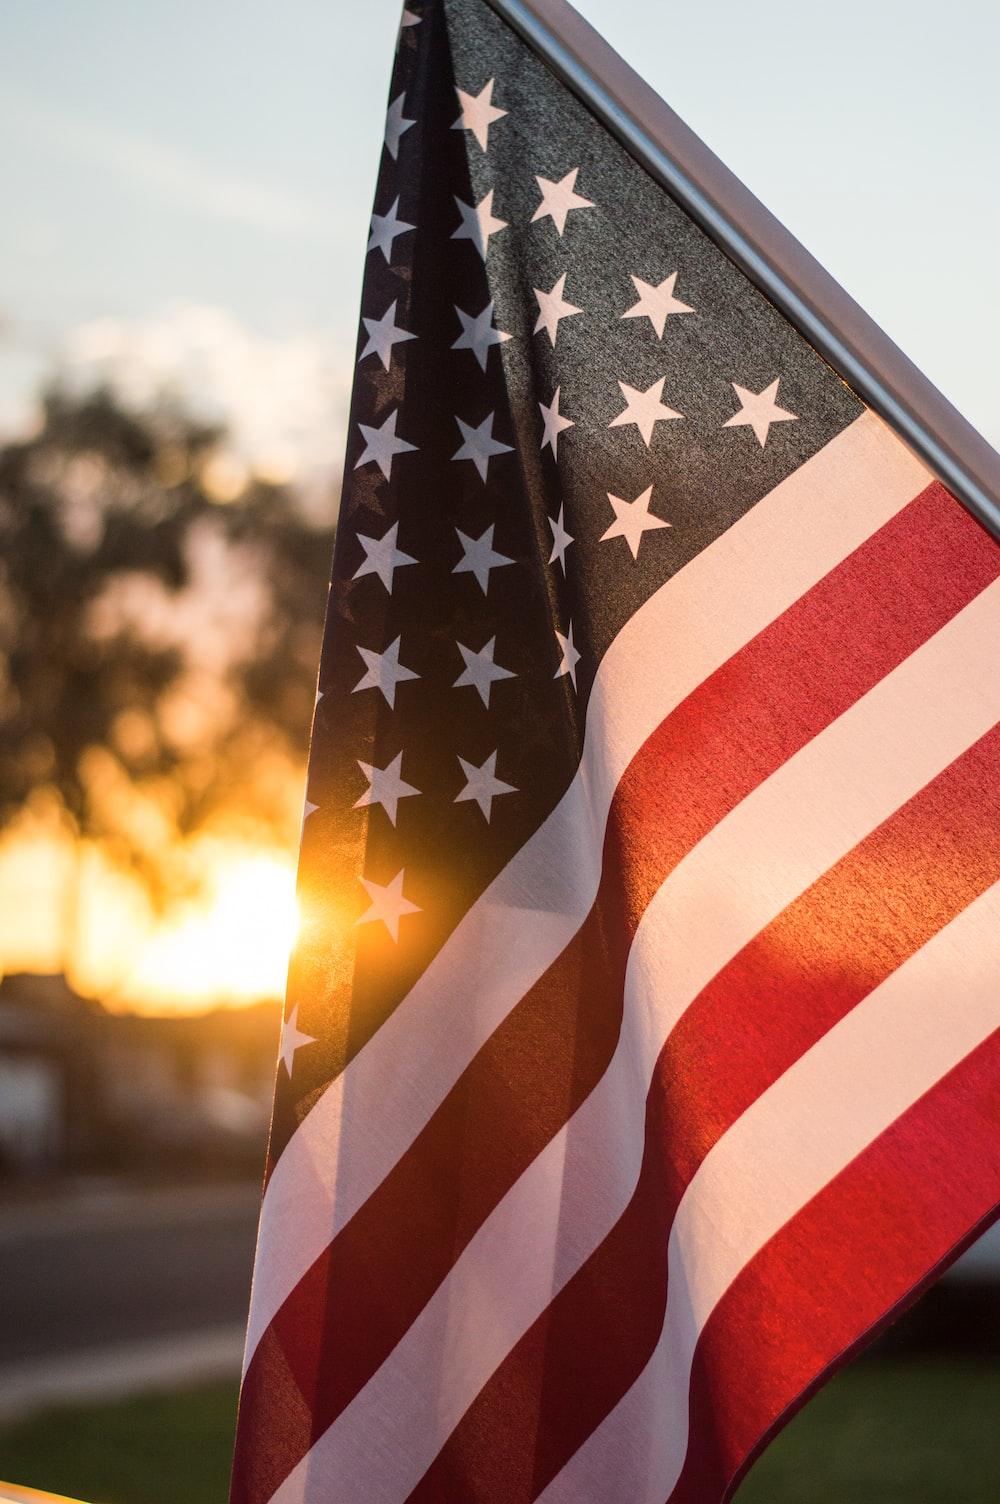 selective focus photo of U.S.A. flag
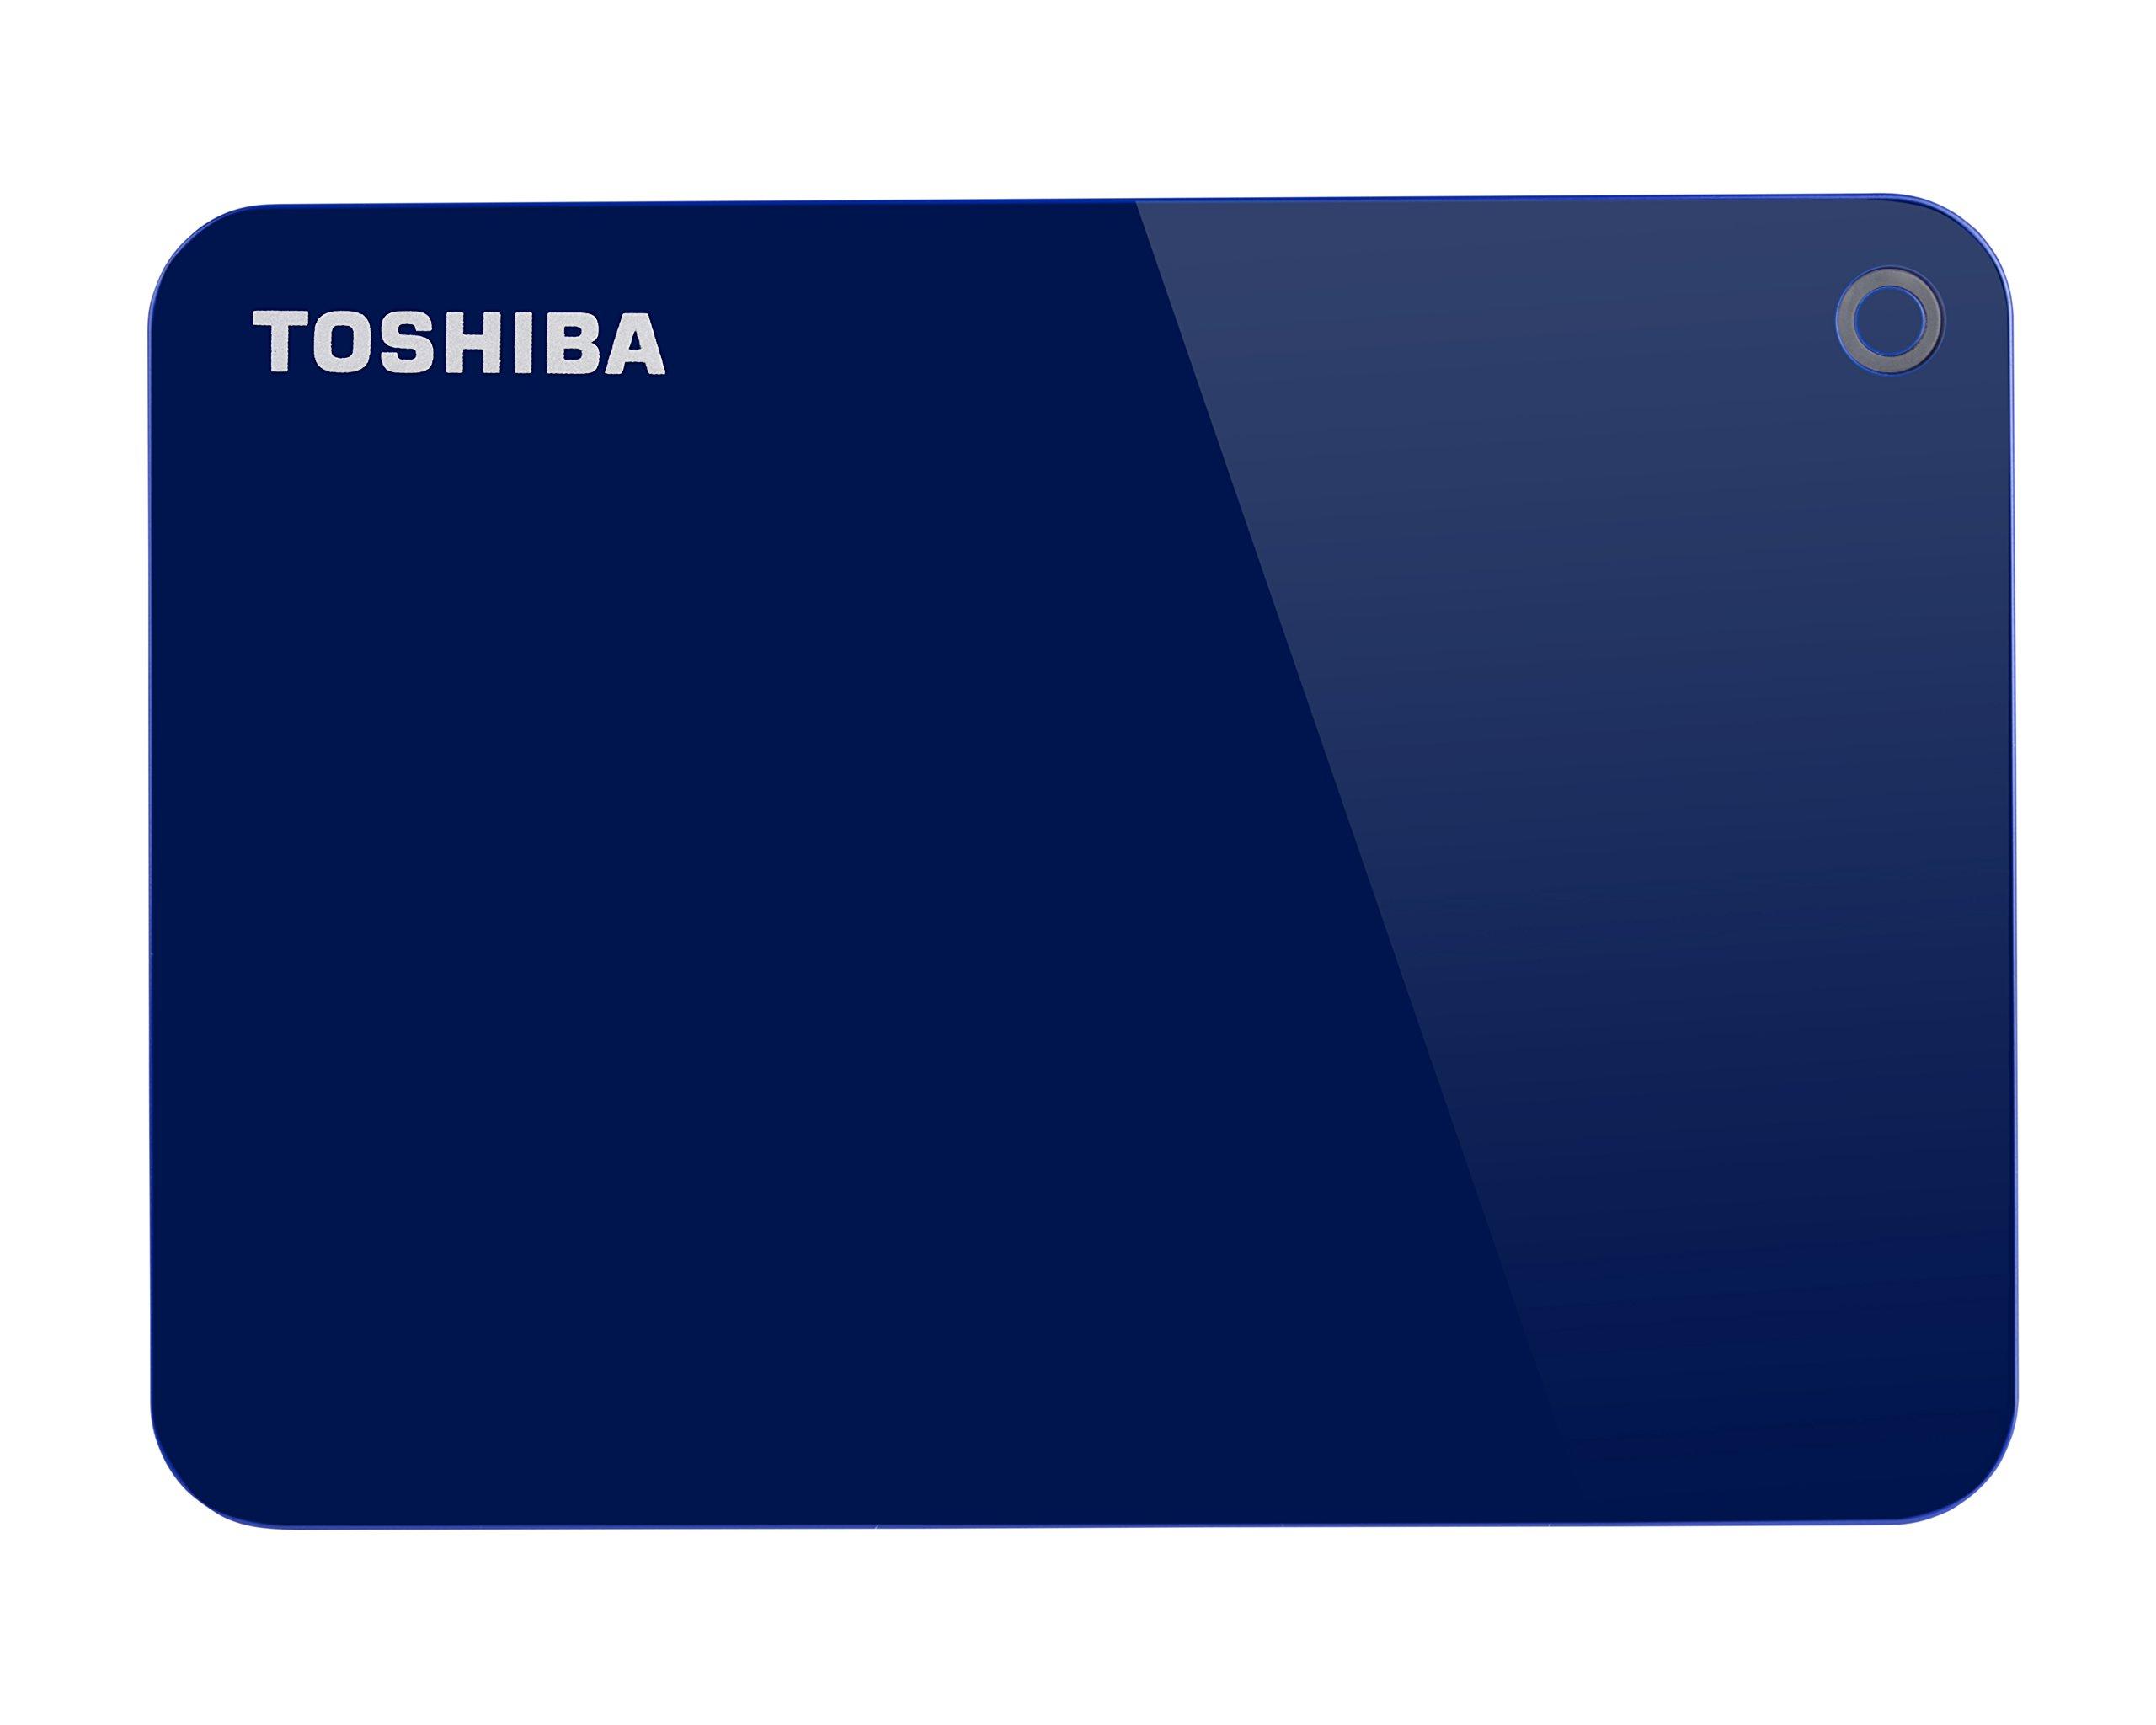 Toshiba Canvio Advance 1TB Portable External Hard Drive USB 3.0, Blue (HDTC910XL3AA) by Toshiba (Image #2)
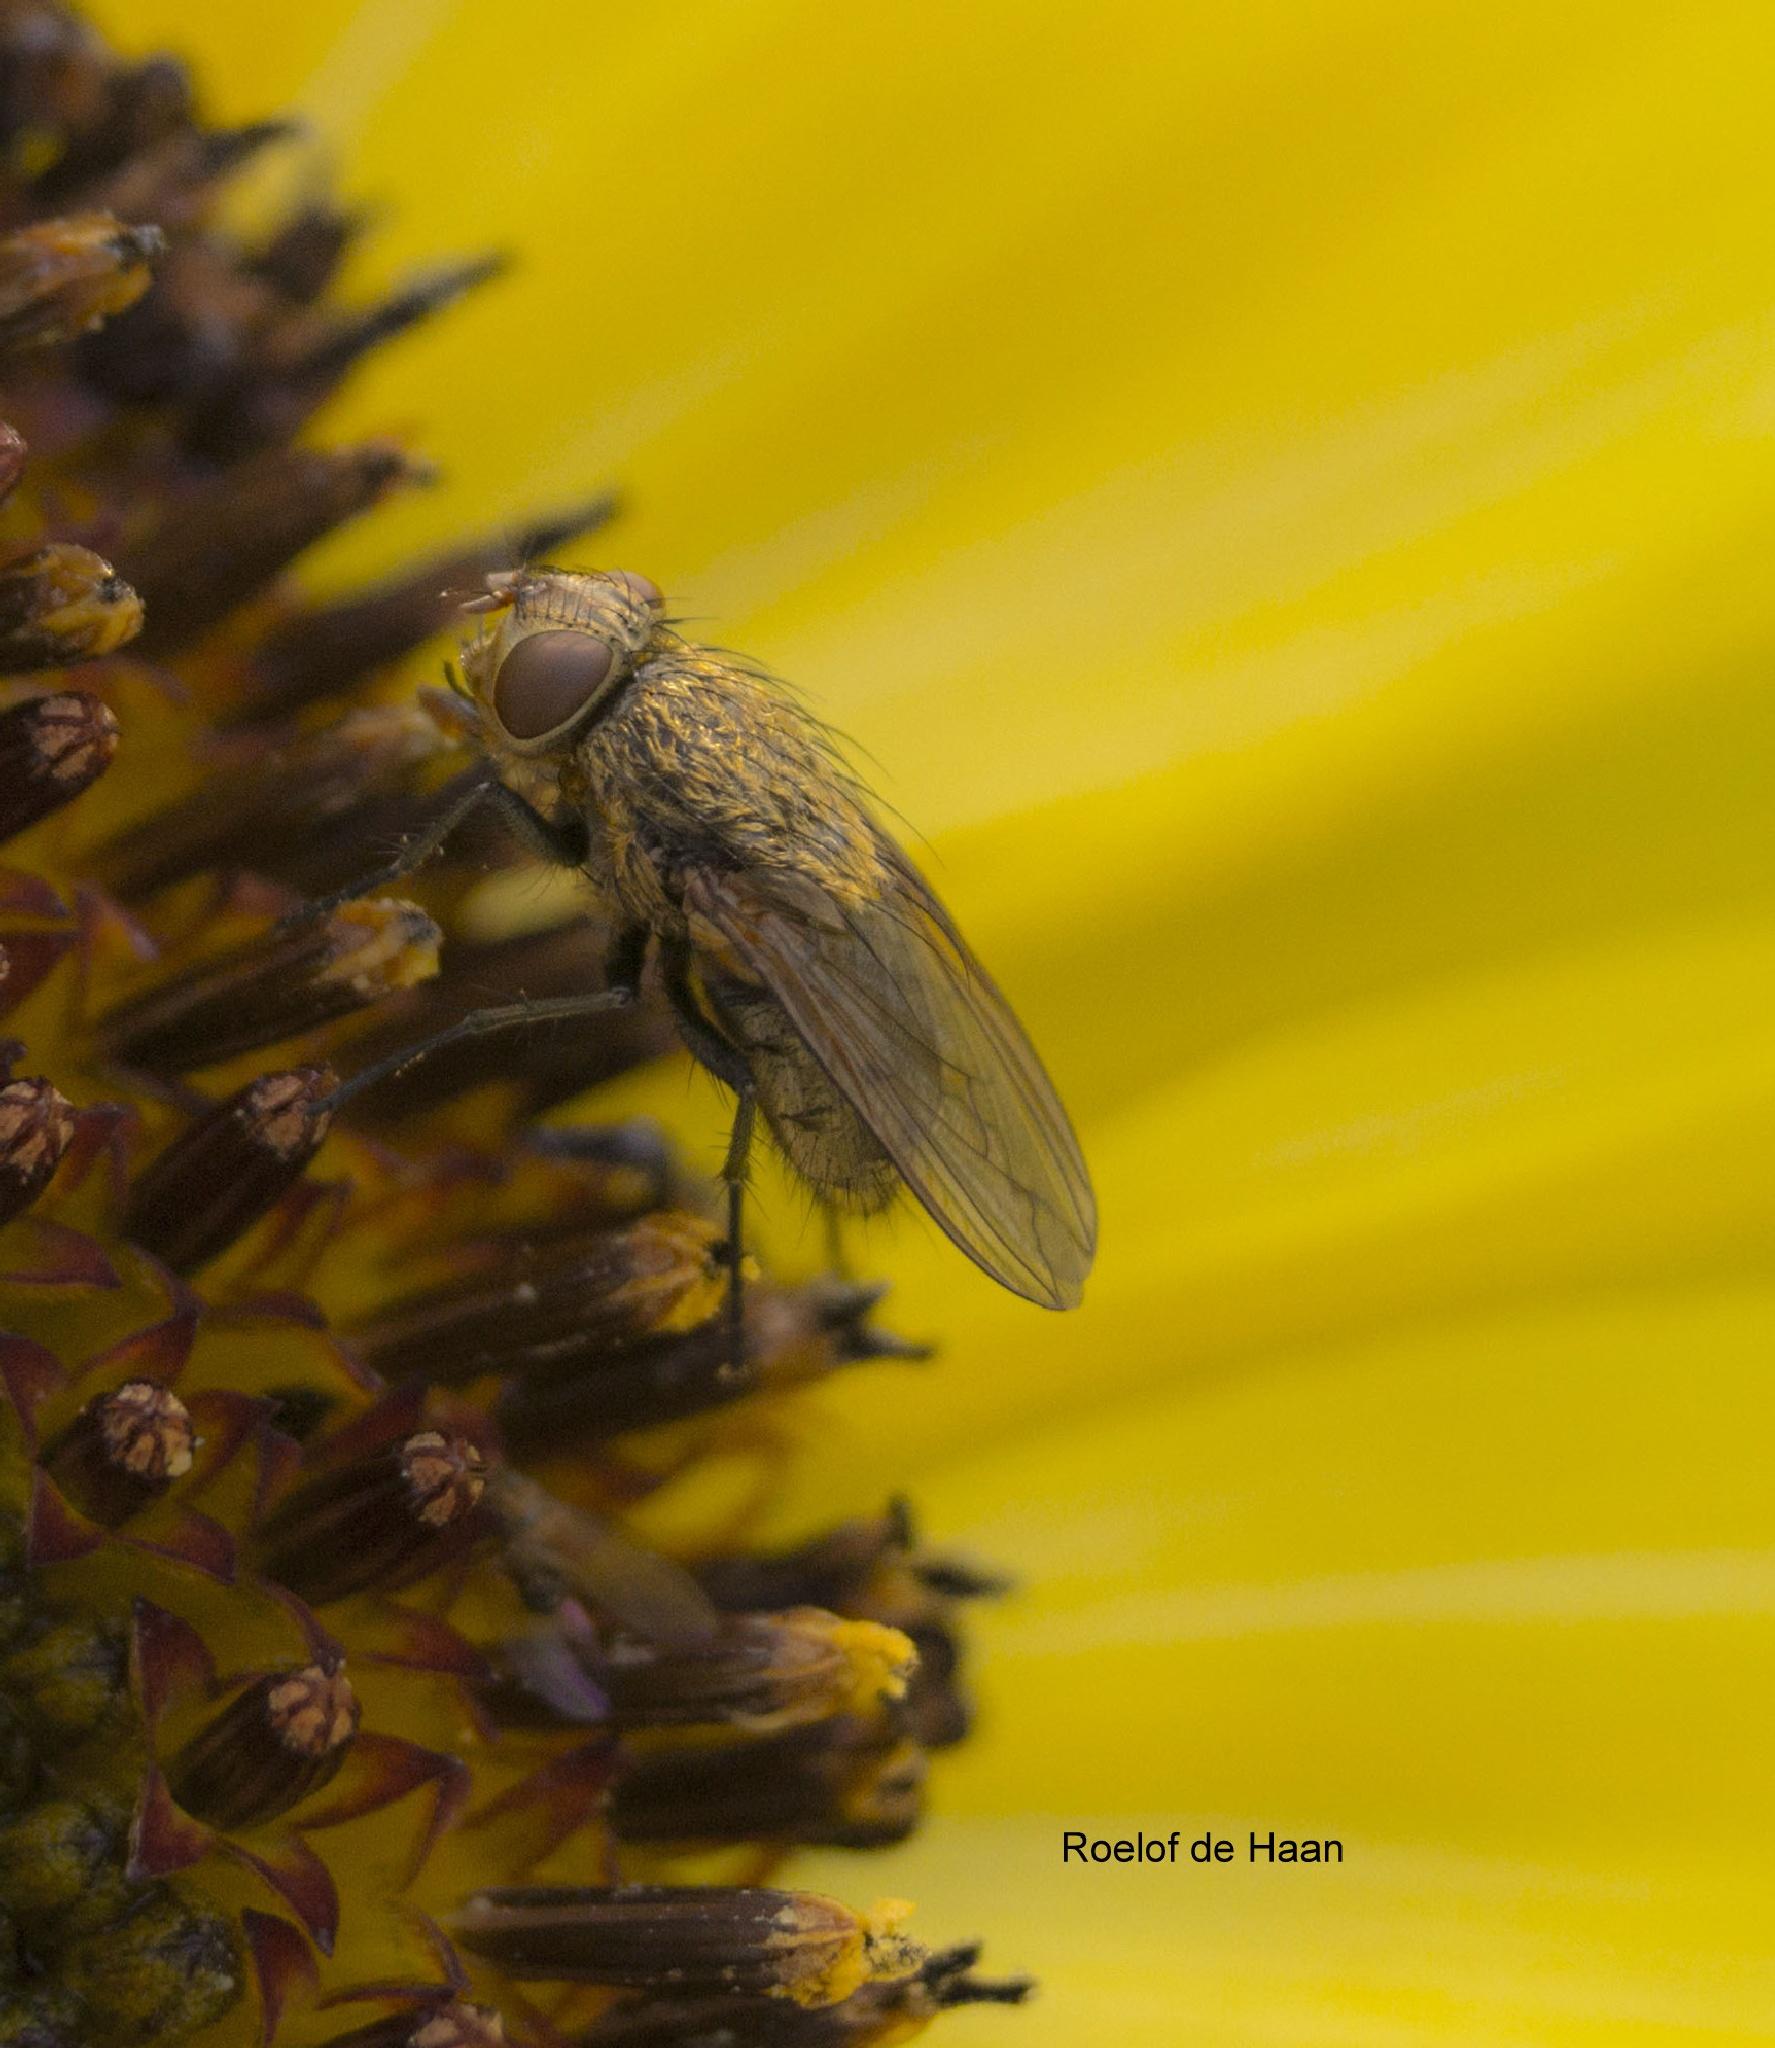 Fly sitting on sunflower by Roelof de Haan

→ Task directions
Copy out the material above in full and exactly, but with no pictures.

→ Written answer
 selective focus photo of U.S.A. flag
 Toshiba Canvio Advance 1TB Portable External Hard Drive USB 3.0, Blue (HDTC910XL3AA) by Toshiba (Image #2)
 Fly sitting on sunflower by Roelof de Haan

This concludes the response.